L’ombra di Virgilio si staglia così sui secoli medievali, godendo di un’ininterrotta lettura all’interno delle classi agiate, ritornando opera di massa nel medioevo con le su citate Vulgate.
Ritenuto cristiano, profeta nella IV egloga delle Bucoliche dell’avvento del Messia[8], è guida di Dante all’interno del regno infernale e poi nella scalata al Sacro Monte, lodato già nel primo canto della Commedia (vv. 79-87). Come quest’ultima, anche l’Eneide fu un testo immancabilmente presente nelle migliori biblioteche dei vari Regni e Stati che si sono succeduti nei secoli.
Cosa ci intrappola nelle maglie di questo poema vecchio di duemila anni?
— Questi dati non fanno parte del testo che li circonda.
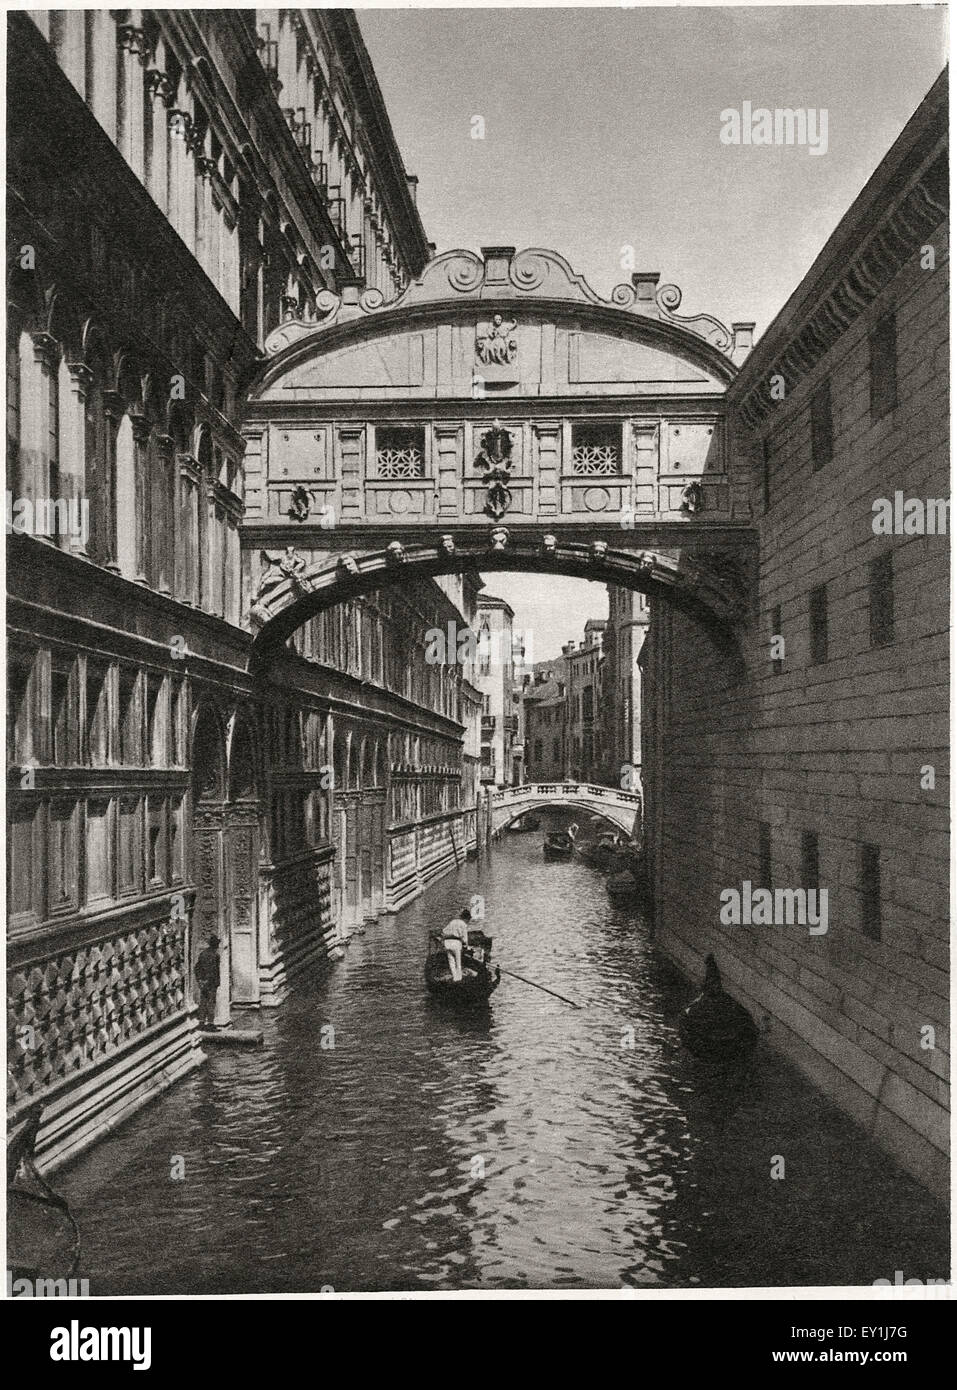 Bridge of Sighs, Venice, Italy, circa 1910 - Stock Image
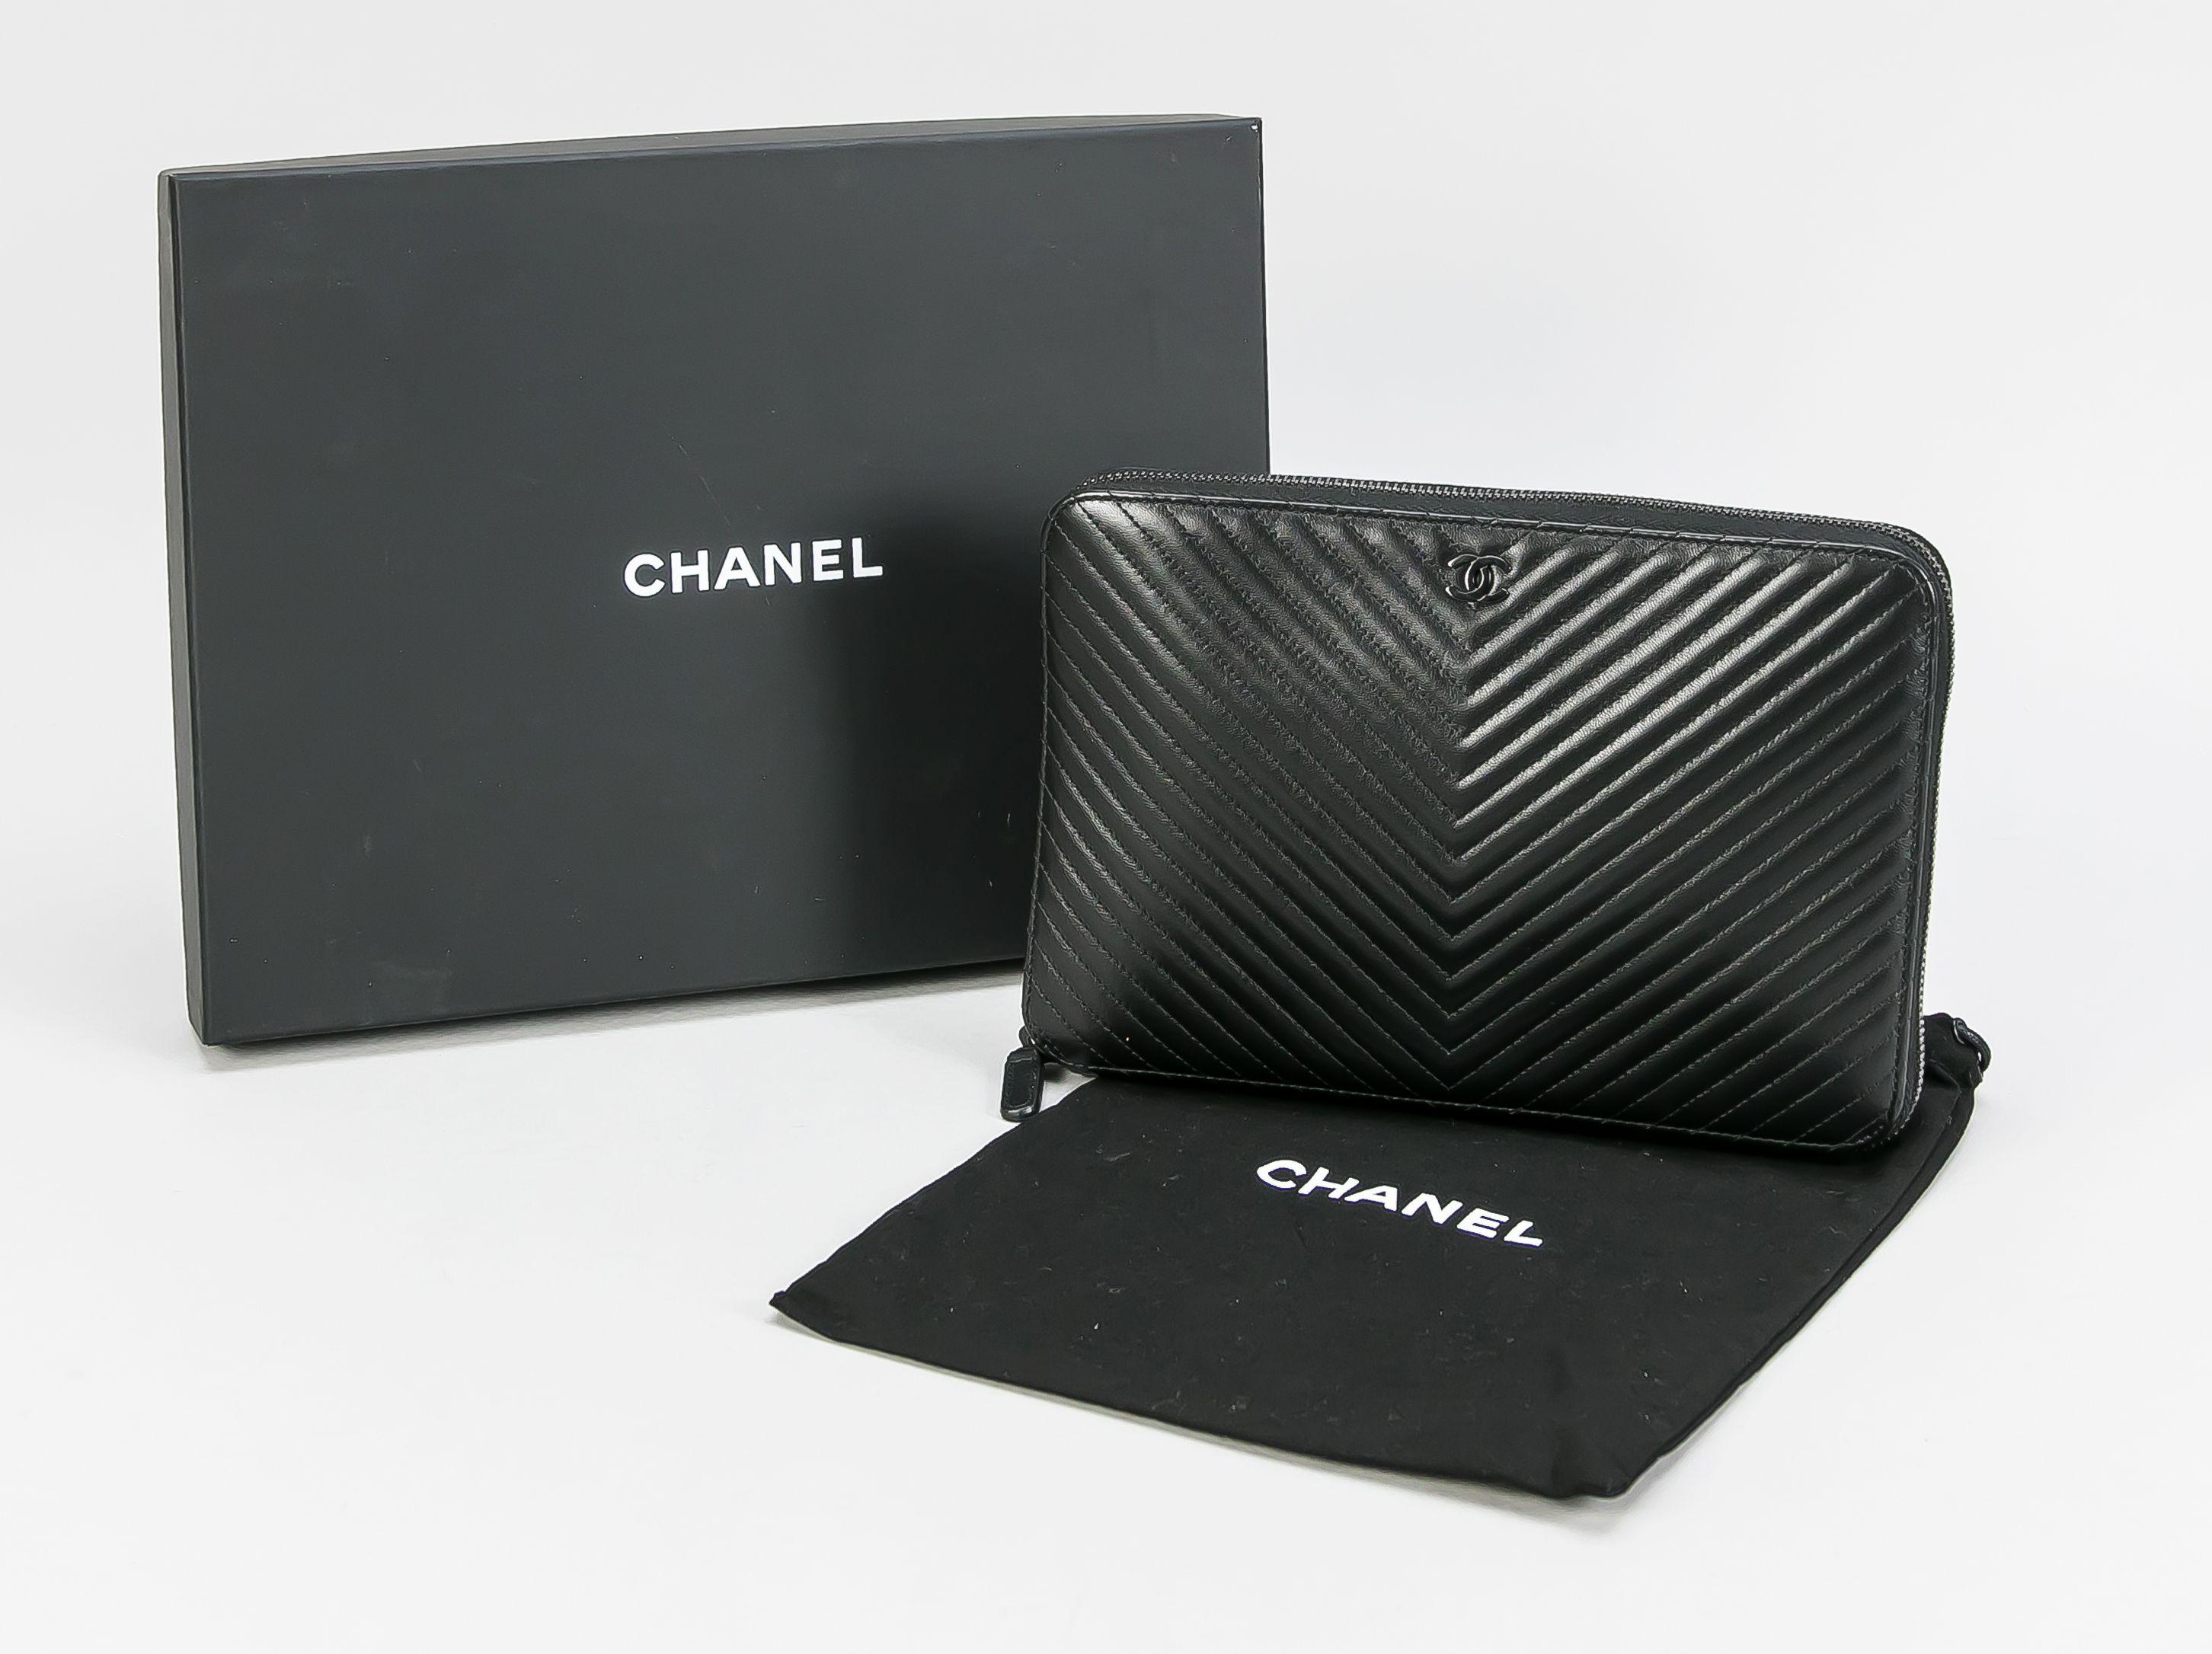 Chanel Black 16c Leather Slingbacks Eu 37 Pumps Size US 7

Perché è ancora studiato, apprezzato da milioni di lettori? Cosa ci fa sussultare, tremare il cuore in petto? Cosa lo rende così sublime ai nostri occhi?
Forse la lingua, la poesia intrinseca nelle parole virgiliane, l’animo sensibile del suo autore che traspare dai gesti dei suoi personaggi; l’assoluto che anima la storia e che è lì presente, come l’uomo e il suo destino di grandezza (o di miseria) che lo attende, un caleidoscopio di figure e sensazioni mai banali, sempre ricche di pietas e umanitas.
Eppure il genere epico, come del resto tutti gli altri generi letterari, muta e si trasforma, mai uguale a se stesso, diverso in ogni autore, nuovo in ogni epoca.
In copertina: Federico Barocci, Enea fugge da Troia.
Nota: La traduzione si discosta leggermente dall’originale in alcuni punti. Riportiamo qui una traduzione letterale delle parti rielaborate. v.812: «Per tutto il corpo»; v. 813 «né la possibilità di respiro»; v.814: «un mesto affanno»; v.815: «con un salto a capofitto, con tutte le armi»; vv.816-17 «quello, accolse lui /che gli veniva incontro».